Guided Reading Groups

Leveled readers and their associated reading level assignments appear in another popular balanced literacy practice called guided reading which involves teachers working with a small group of students who have similar reading abilities and learning needs. Teachers instruct using a text that aligns with the students’ common assigned reading level and typically cover one or two discrete skills associated with that level (usually relating to comprehension — even if the underlying issue is decoding skills). 

The concept originated in New Zealand where it was developed in the late 1960s by educator and author Dr. Marie Clay. Clay is best known for her work with the Reading Recovery© program which spread from New Zealand to many English-speaking countries, including the U.S., and was widely adopted in various forms.

Why Guided Reading Groups Don’t Work

Small group instruction is an evidence-based practice that can offer important differentiated instruction for learners. However, not all small group instruction formats are of equal value. Guided reading groups get a thumbs down from Science of Reading experts in part for the use of leveled readers, but that’s not all:

  • Reading Gap Differences — With its focus on an individual book, “leveled” group instruction is too general and often doesn’t include the differentiated word work that students need most. The faulty running records used to determine a student’s reading level are also used to place them in guided reading groups. Because these screeners don’t account for specific skills gaps, students do not get the targeted support they need.
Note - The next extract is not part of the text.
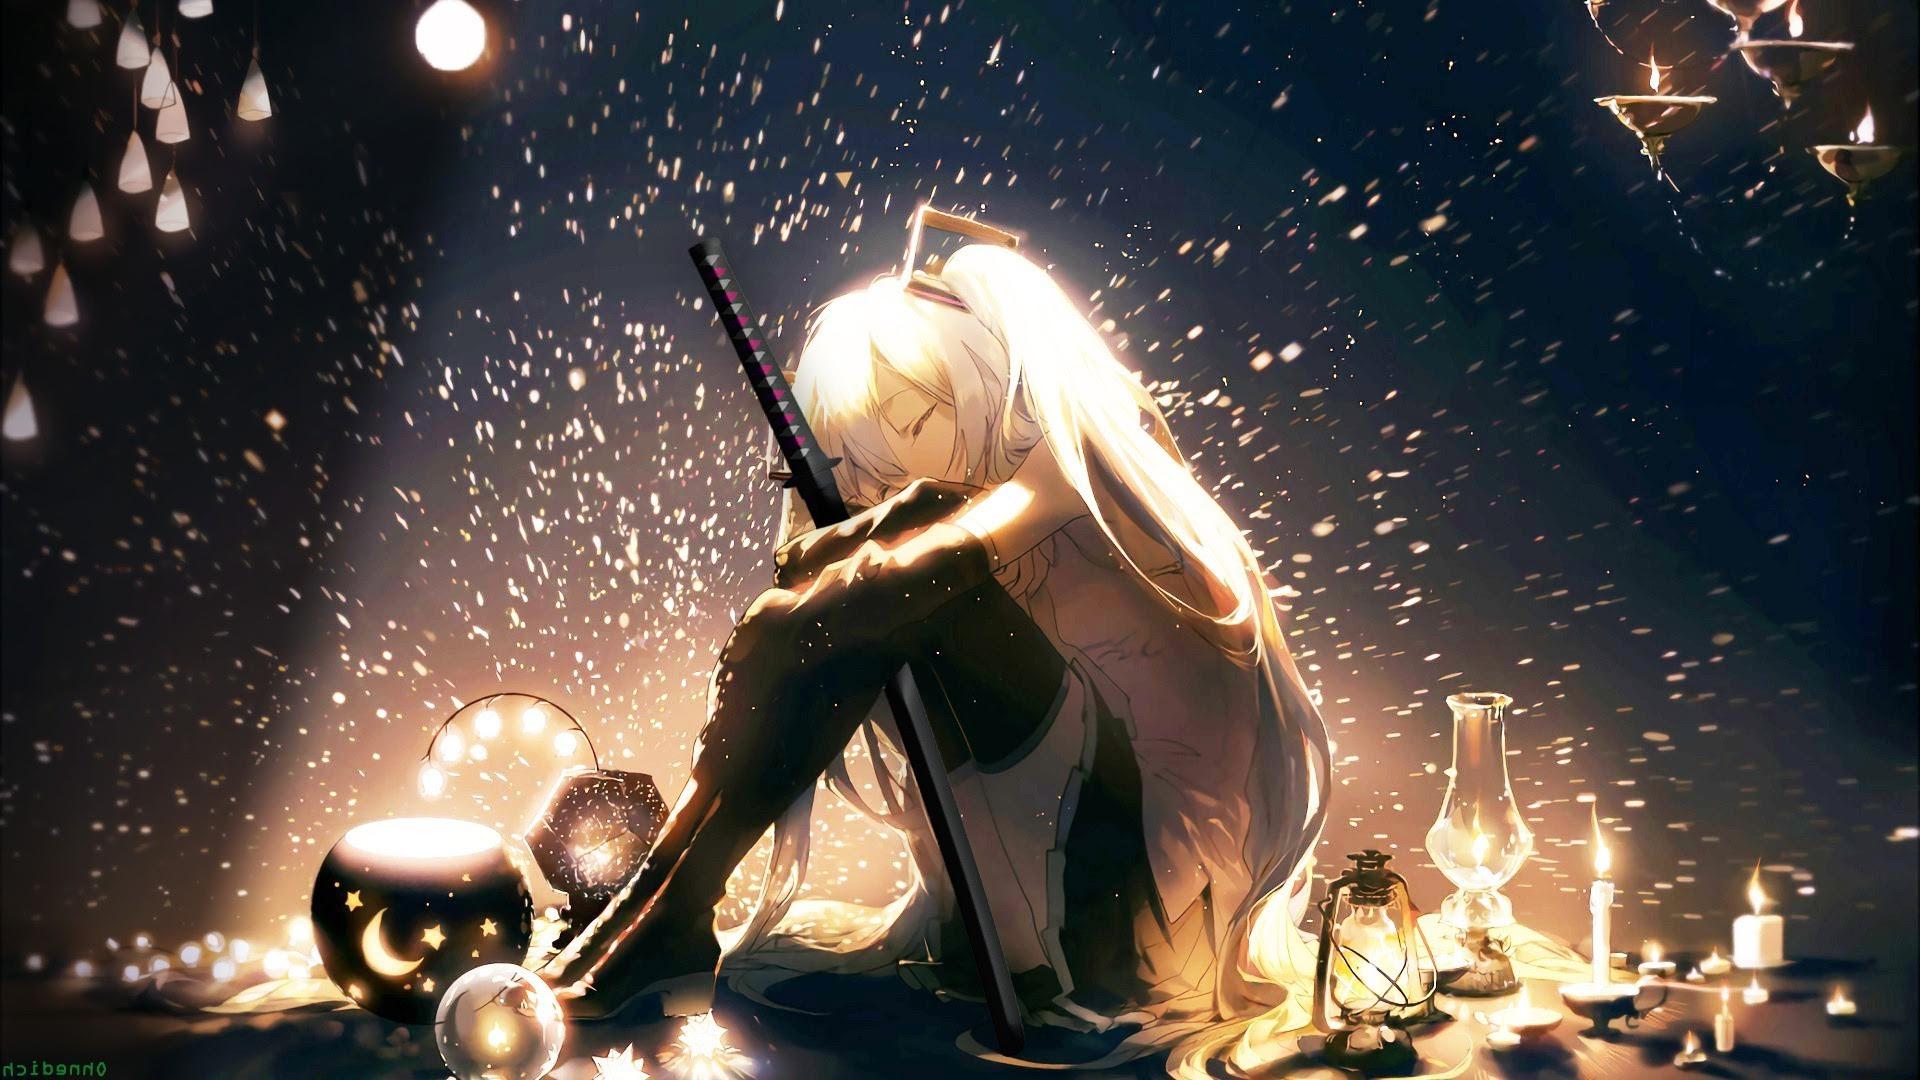 Download 780 Koleksi Wallpaper Hd Anime Girl Katana HD Terbaik
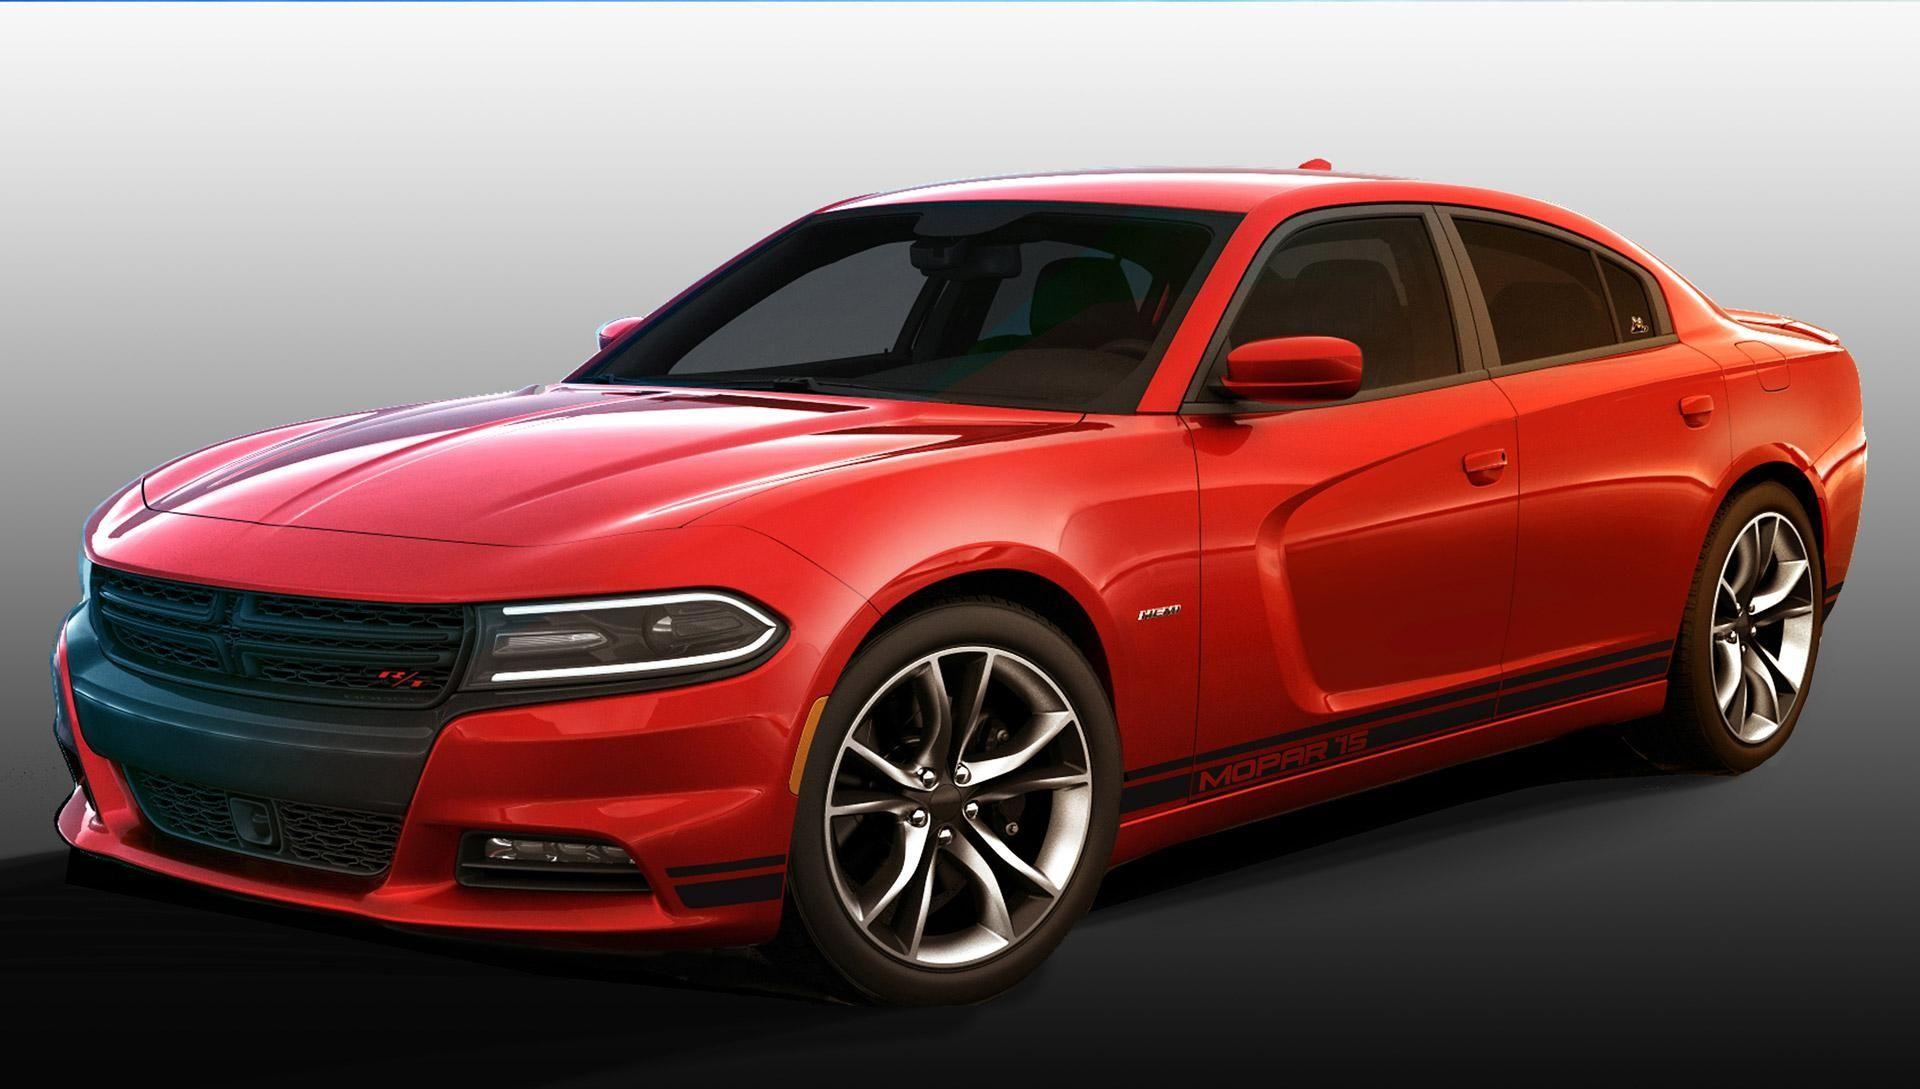 2017 Dodge Charger Msrp >> 2019 Dodge Charger Msrp Price Interior Mpg Automigas

    For example, one student may need to spend more time working with r-controlled vowels, while another student may need extra support to understand the rules for short vowel sounds vs long vowel sounds, but the instructor is using the guided reading group to talk about how to use pictures to make meaning or how to sequentially list the events that happened in the story. 
  • Achievement Gaps — A large-scale study conducted by the Northwestern University Institute for Policy Research which tracked nearly 12,000 students from kindergarten through 3rd grade found that ability grouping students based on reading skills significantly widened achievement gaps. Students placed in lower reading groups progressed more slowly academically than their peers.

    They were also slower to develop what the researchers dubbed important “learning behaviors,” such as varied interests, concentration on tasks, and persistence in the face of difficulty. This is particularly harmful when coupled with activities like leveling, which also restrict kids’ access and thus opportunities to build knowledge.
  • Stigma & Trauma — Because guided reading groups have been proven ineffective overall, they often add to the stigmas and stereotypes placed on the shoulders of students who need extra support with reading. Unable to access the structured literacy instruction that would help them learn, these students continue to struggle. In turn, this lack of progress can lead to unnecessary special education assignments for students and both deteriorating confidence and learning trauma for frustrated students.

Three-Cueing or MSV

One whole language approach practice that’s central to balanced literacy instruction is three-cueing or 3-cueing. It’s sometimes simply called cueing or MSV, which is short for Meaning, Syntax and Visual cues.

Built on a theory from Kenneth Goodman, an educator often called the father of whole language, 3-cueing involves teaching students to look to three sources of information — three cues — to decipher unknown words. 

Goodman described those three sources as:

  1. Semantic cues that give meaning from context
  2. Syntactic cues that give meaning through letters
  3. Grapho-phonic cues that give meaning through spelling patterns

For example, an educator who employs the three-cueing strategy may tell a student to look at a picture and use the information found in that picture to guess what an unfamiliar word is. They may also encourage the child to read the other words in the sentence to fill in the blank, using prediction and semantic context to extract meaning. 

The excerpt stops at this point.